*TASK ITEM*. Copy nothing but the text: reproduce each line of the listing exactly and leave the pictures out.

*MATERIAL PROVIDED*.

[Start of Attachment]

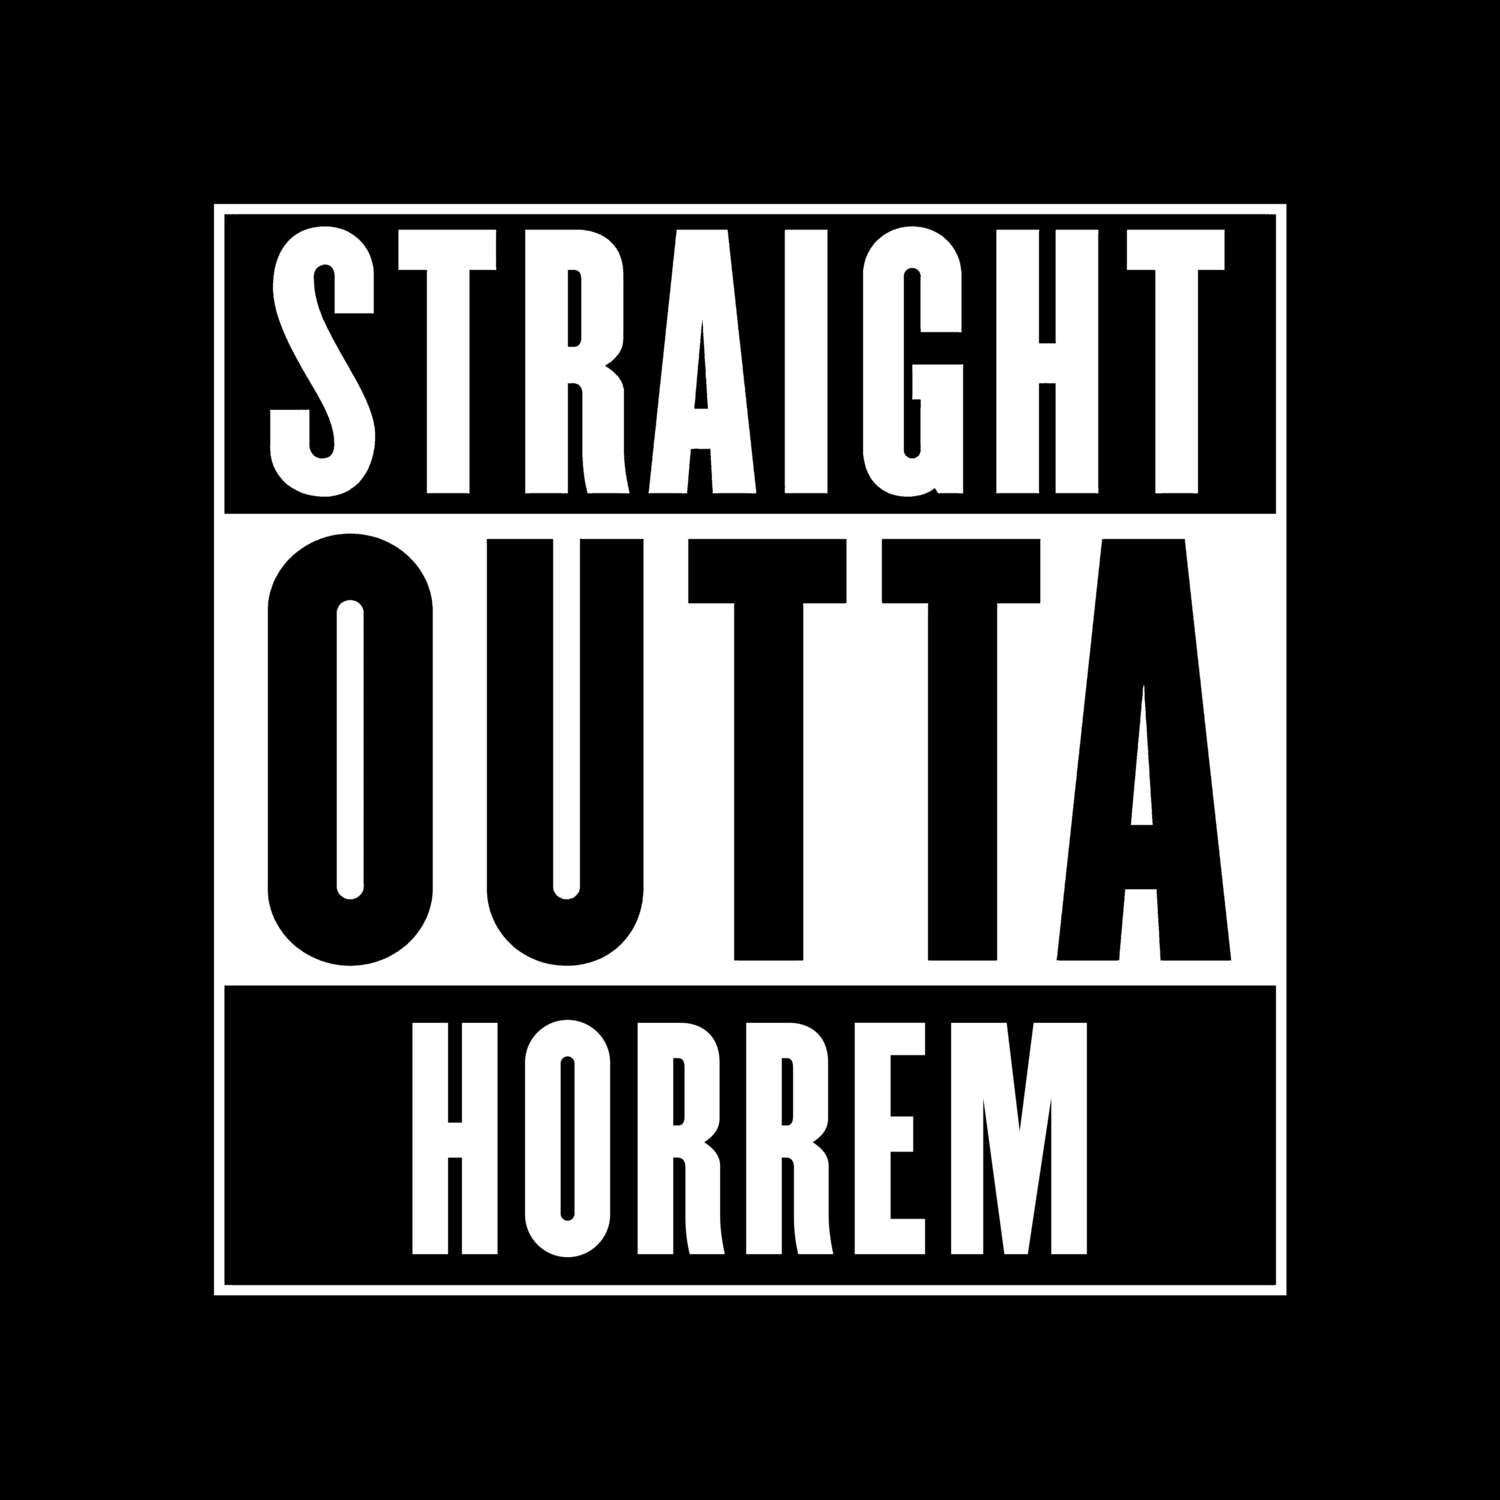 Horrem T-Shirt »Straight Outta«
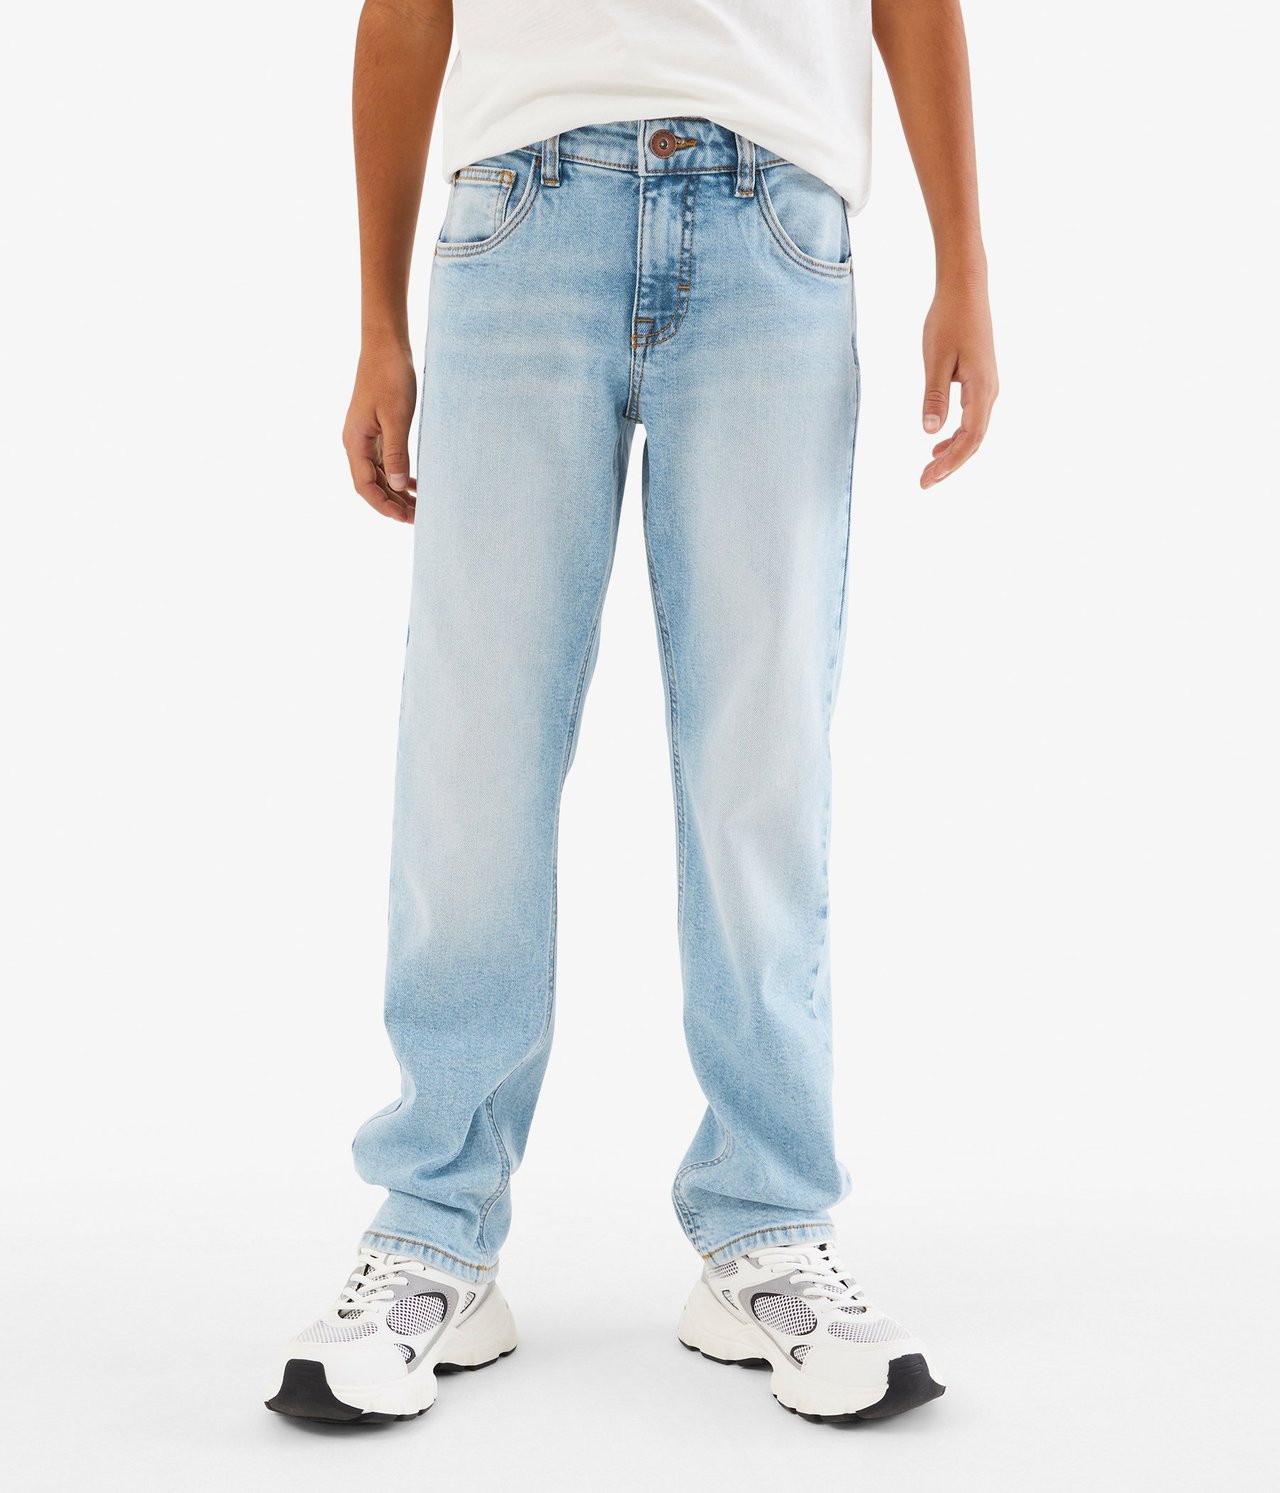 Retro jeans regular fit
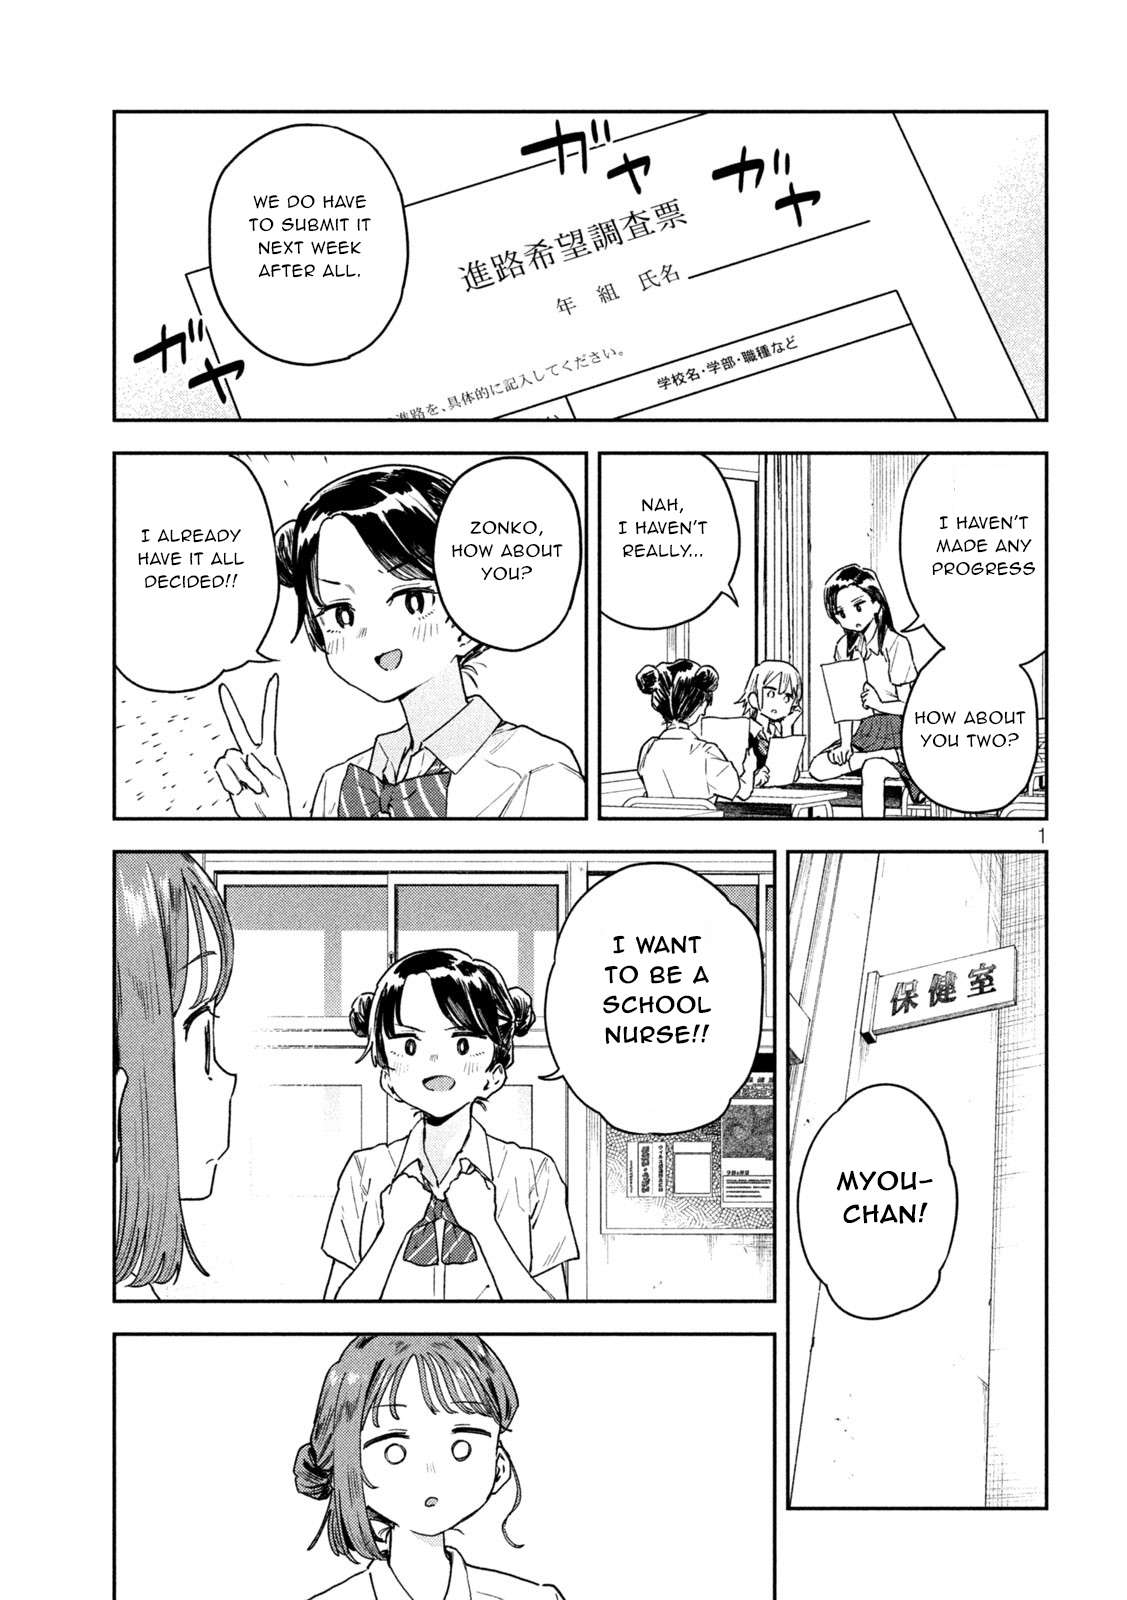 Miyo-Chan Sensei Said So - chapter 10 - #1
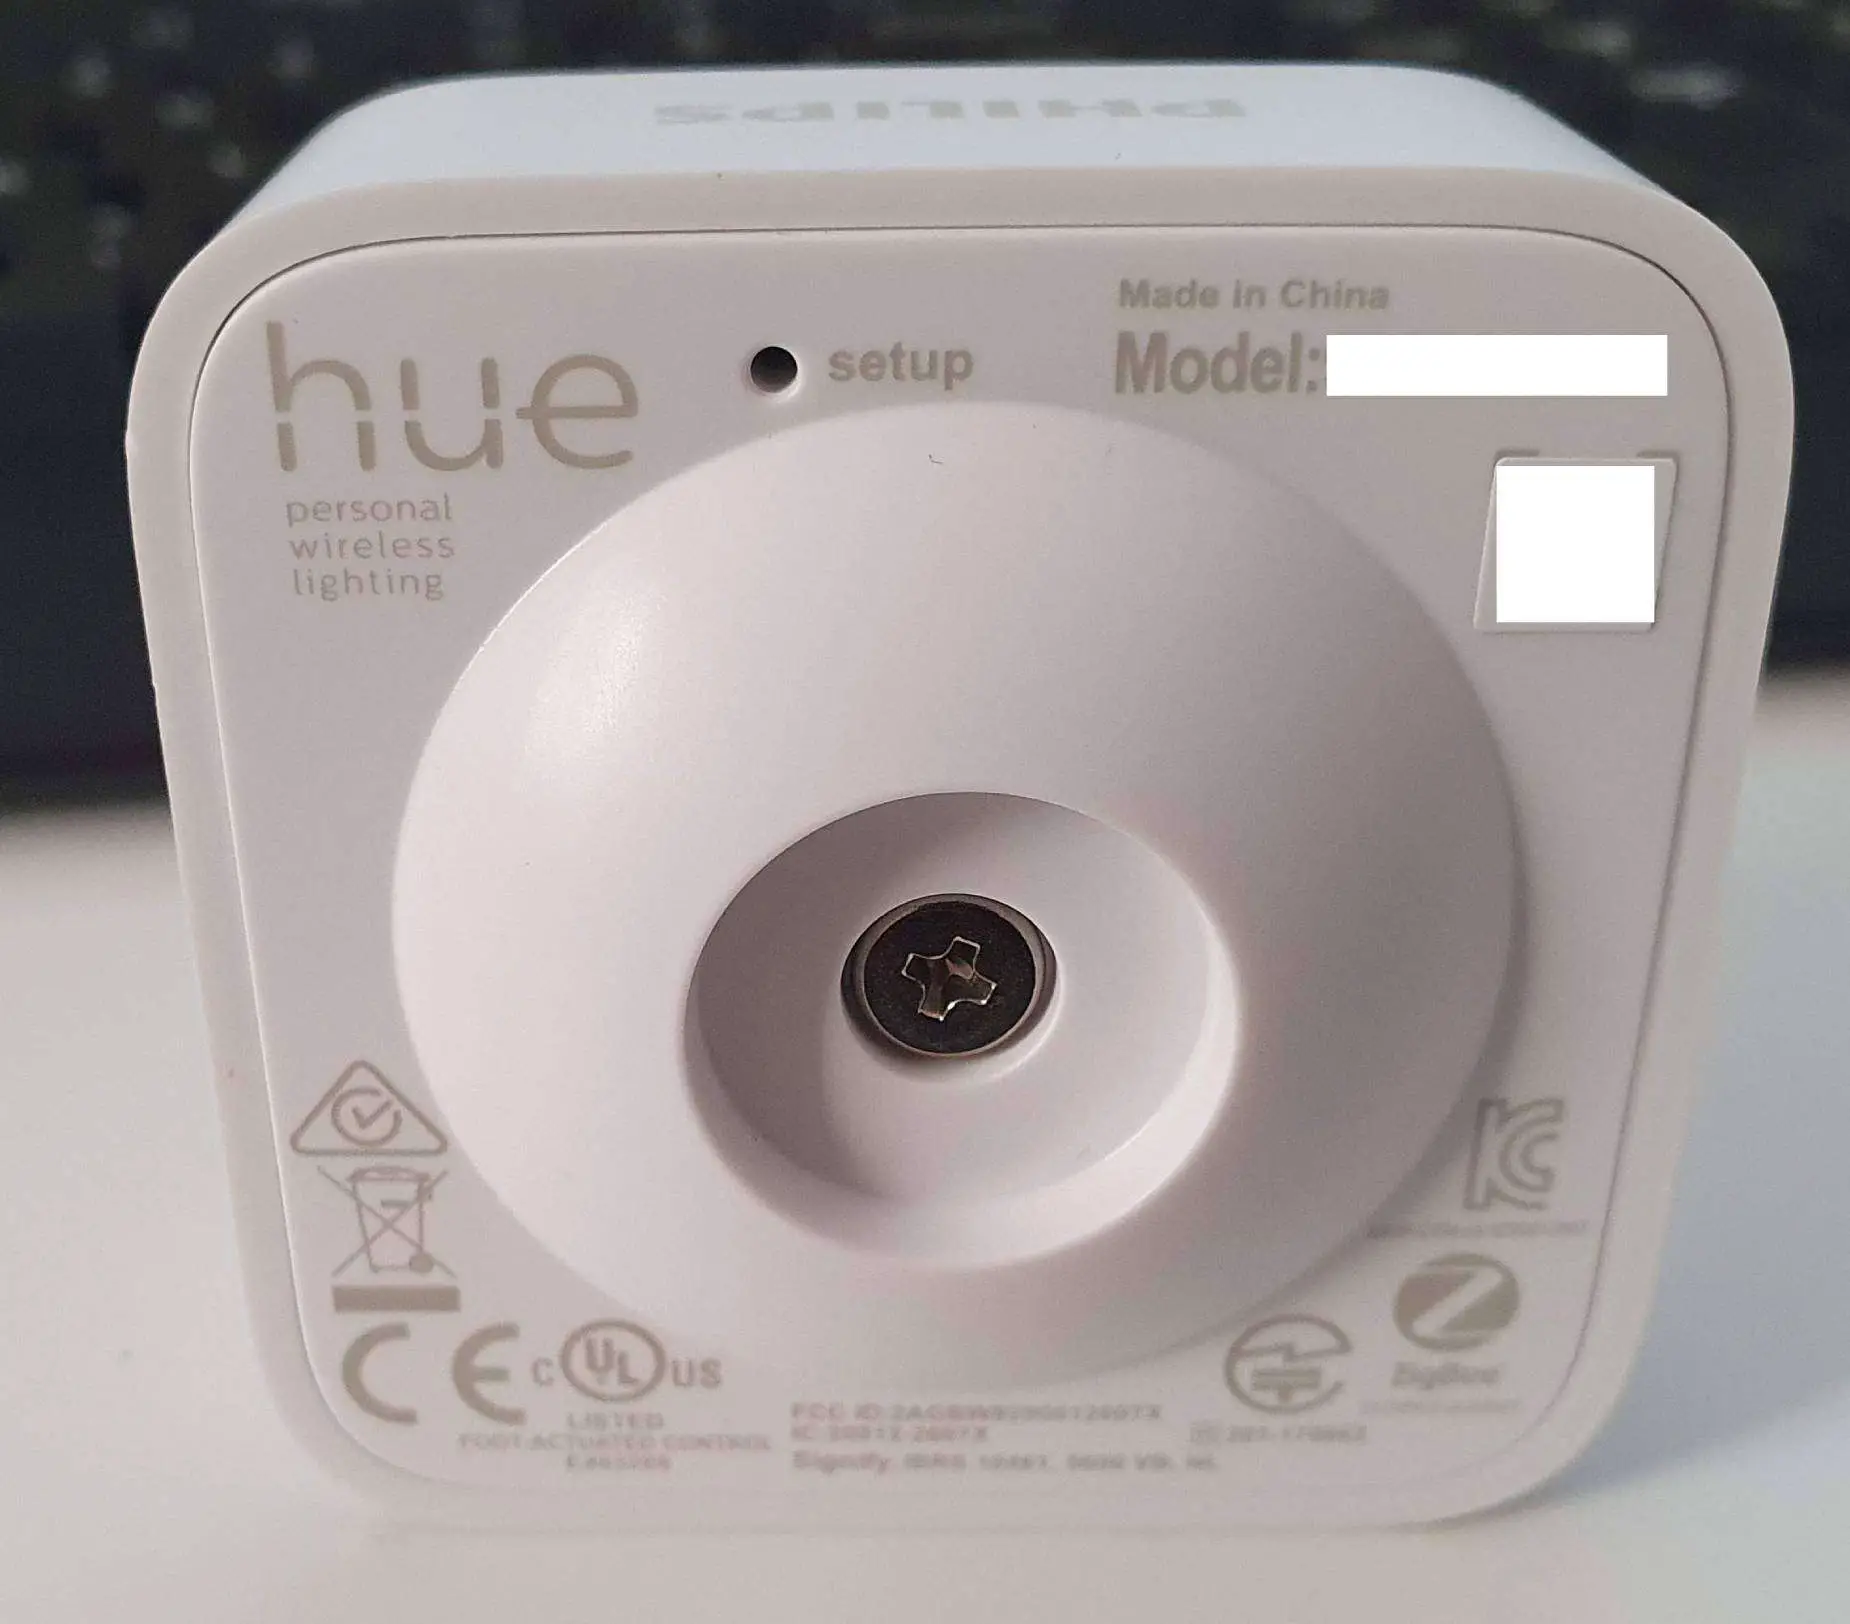 What About Hue's Motion Sensor Batteries - Smart Winner

[End of Attachment]

*OUTPUT*.
 Horrem T-Shirt »Straight Outta«
 Retro jeans regular fit
 Miyo-Chan Sensei Said So - chapter 10 - #1
 What About Hue's Motion Sensor Batteries - Smart Winner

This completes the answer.